I have been adding recipes for a while to a new cookbook so I could find them when I wanted to cook them. In the electronic age, a digital version seems to make more sense, since I can add, amend, advise, adjust, delete, and reconsider as often as I want to and you can access them if and when you please. I've included the recipes from my original cookbook which many of you have. I'm also going to be adding pictures as I retest many of these recipes. They aren't the latest thing or nouvelle cuisine. They're comfort food, good memories, treasured family recipes, and occasional treats as well as many healthier recipes I've grown to like in recent years. I encourage you to add comments, pictures, and favorite recipes to make this a real family cooking spot. It's the next best thing to sharing a meal.






Sunday, June 13, 2021

Spiced Pickled Carrots, Crooked Creek Gang Style

Phase 1: Ferment the carrots. See note - this phase may be optional

Peel and cut 2 lb carrots, preferably organic.
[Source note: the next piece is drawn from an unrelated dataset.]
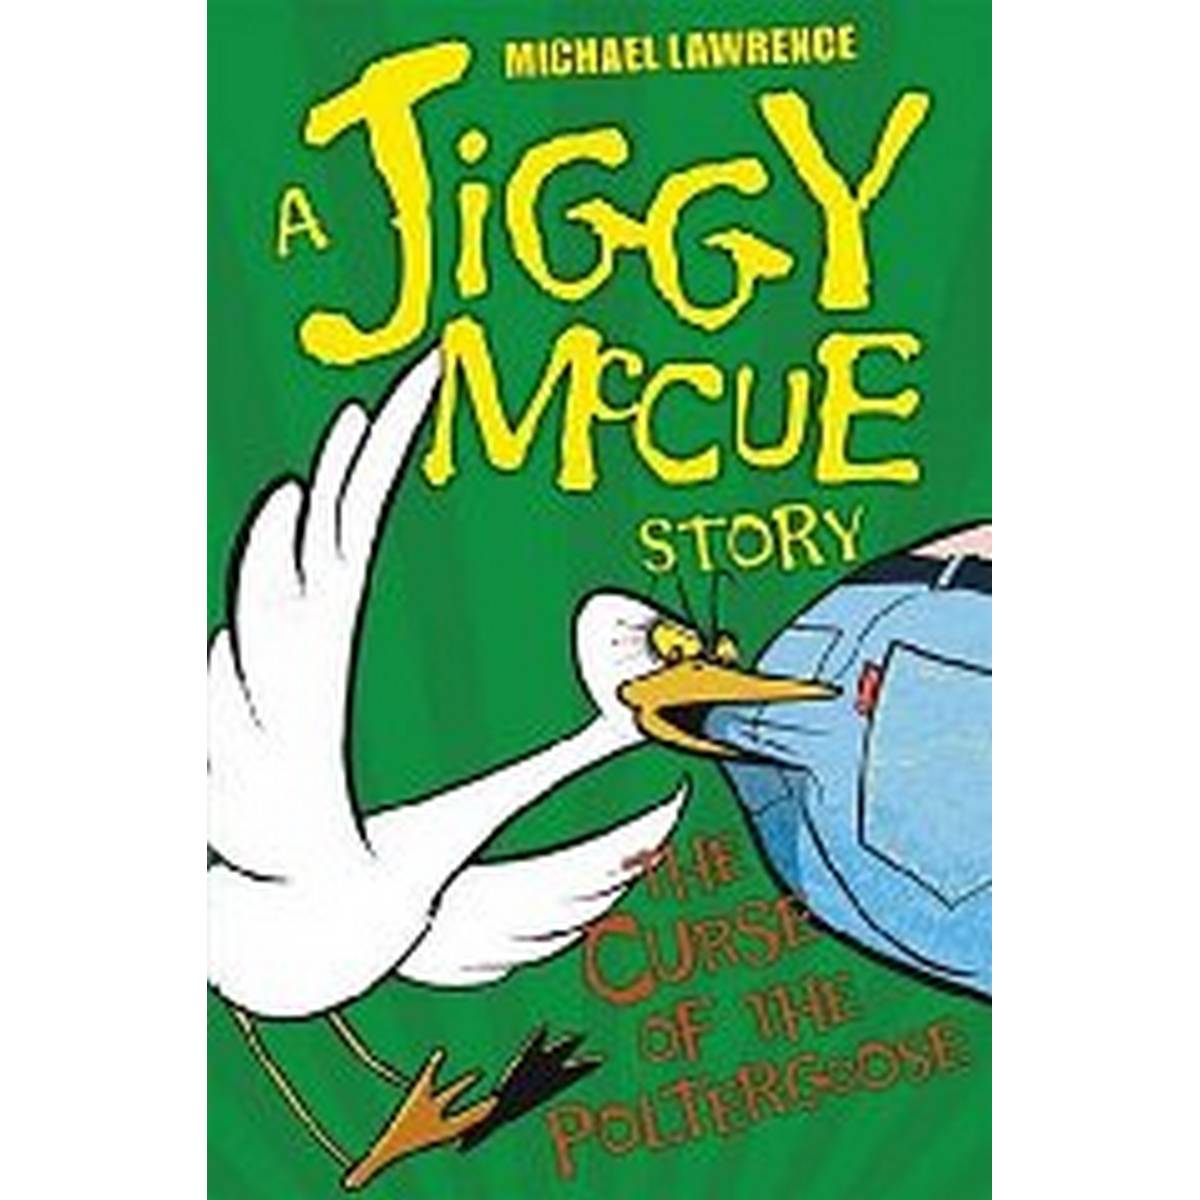 The Curse of the Poltergoose (Jiggy McCue)

Cut into small sticks, suitable for munching.
Stuff into a 1 qt widemouth jar, and pour over a brine made with about 

4 cups of filtered water
2 tsp of grated lemon peel
2 inch piece of ginger root, cut into chunks
1 Tablespoon plus 2 Teaspoons of pickling salt. You can use other noniodized salt, such as sea salt, but the brine may be cloudy and the saltiness of the final product may vary. 
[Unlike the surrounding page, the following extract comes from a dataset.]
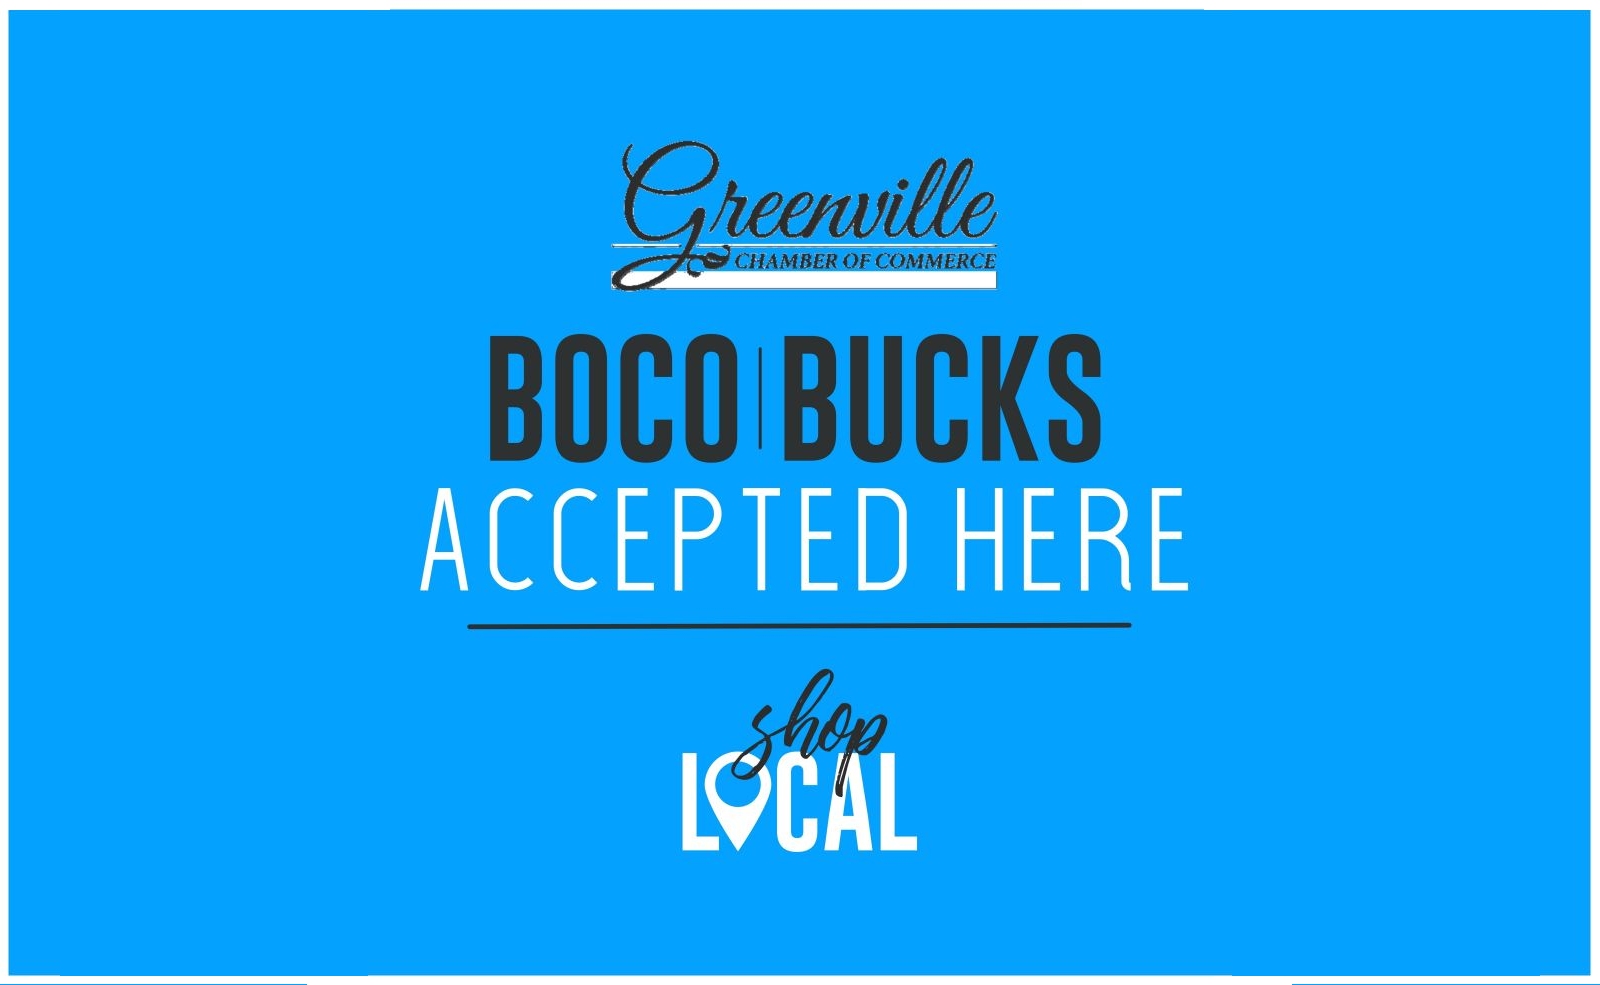 BoCo Bucks Accepted Here, Shop Local initiative

Ferment for about 4-5 days. I use an airlock top and glass weight specifically meant
for a widemouth jar. Other fermenting methods are available, such as in a crock, but this method is good for avoiding any possibility of mold. After 4-5 days, carrots will taste tangy and salty.
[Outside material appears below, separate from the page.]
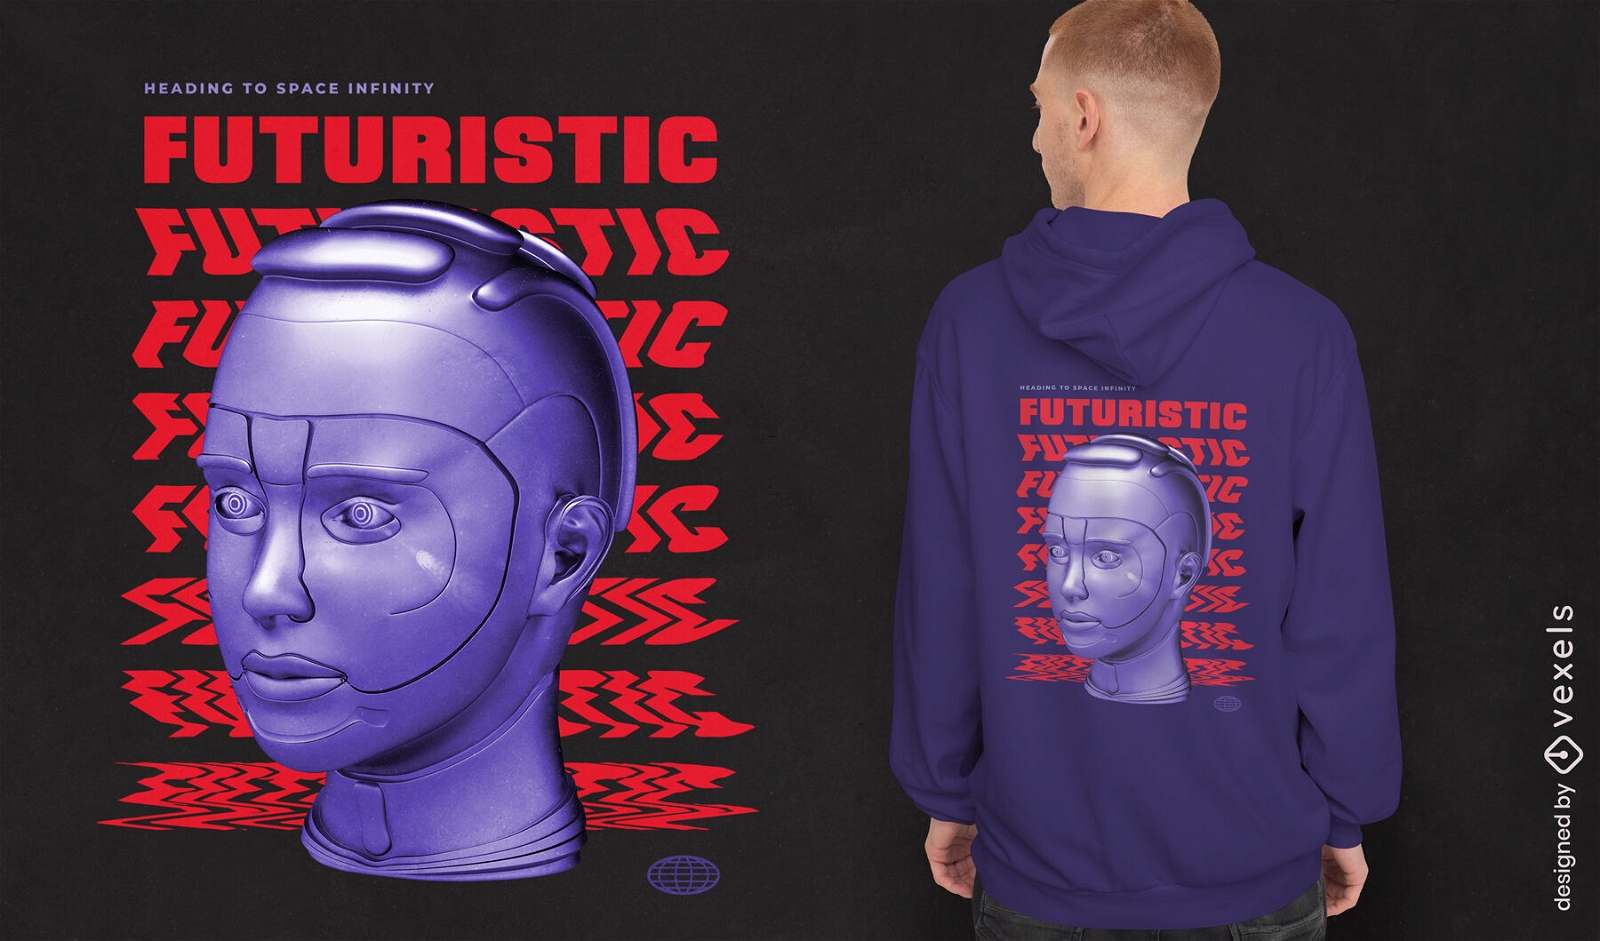 Diseño de camiseta PSD de cabeza de robot futurista

Phase 2: Pickle the carrots

Pour out the carrots into a colander and rinse well to get rid of most of the salt. Prepare pickling liquid.
Put into nonreactive pot or large microwavable container: 

2 cups white vinegar
1 cup water
1 1/2 cups granulated sugar
2 - 3 cinnamon sticks
8-10 whole cloves
4-5 whole allspice
1 teaspoon whole mustard seed
2-3 small bay leaves. 
OR, instead of whole spices, 2 tablespoons mixed pickling spice

 This is pretty strong vinegar taste; if you prefer milder, try 1 1/2 cups each vinegar and water, or try apple cider vinegar instead. These will not be canned, so the acid level is up to you. Bring the pickling liquid to a slight simmer, and stir until the sugar is dissolved. Let the pickling liquid cool until you can comfortably feel the side of the pot or microwave bowl or whatever. It can go to room temp, but you don't want it too hot so you "cook" the crispy out of the carrots. And speaking of hot, if you like spicy hot, put in more chunks of ginger or some hot pepper.  Put the carrots back into the rinsed jar, and pour over cooled pickling liquid. Put a regular widemouth lid on for storage, and keep in refrigerator.  Keeps well for several months.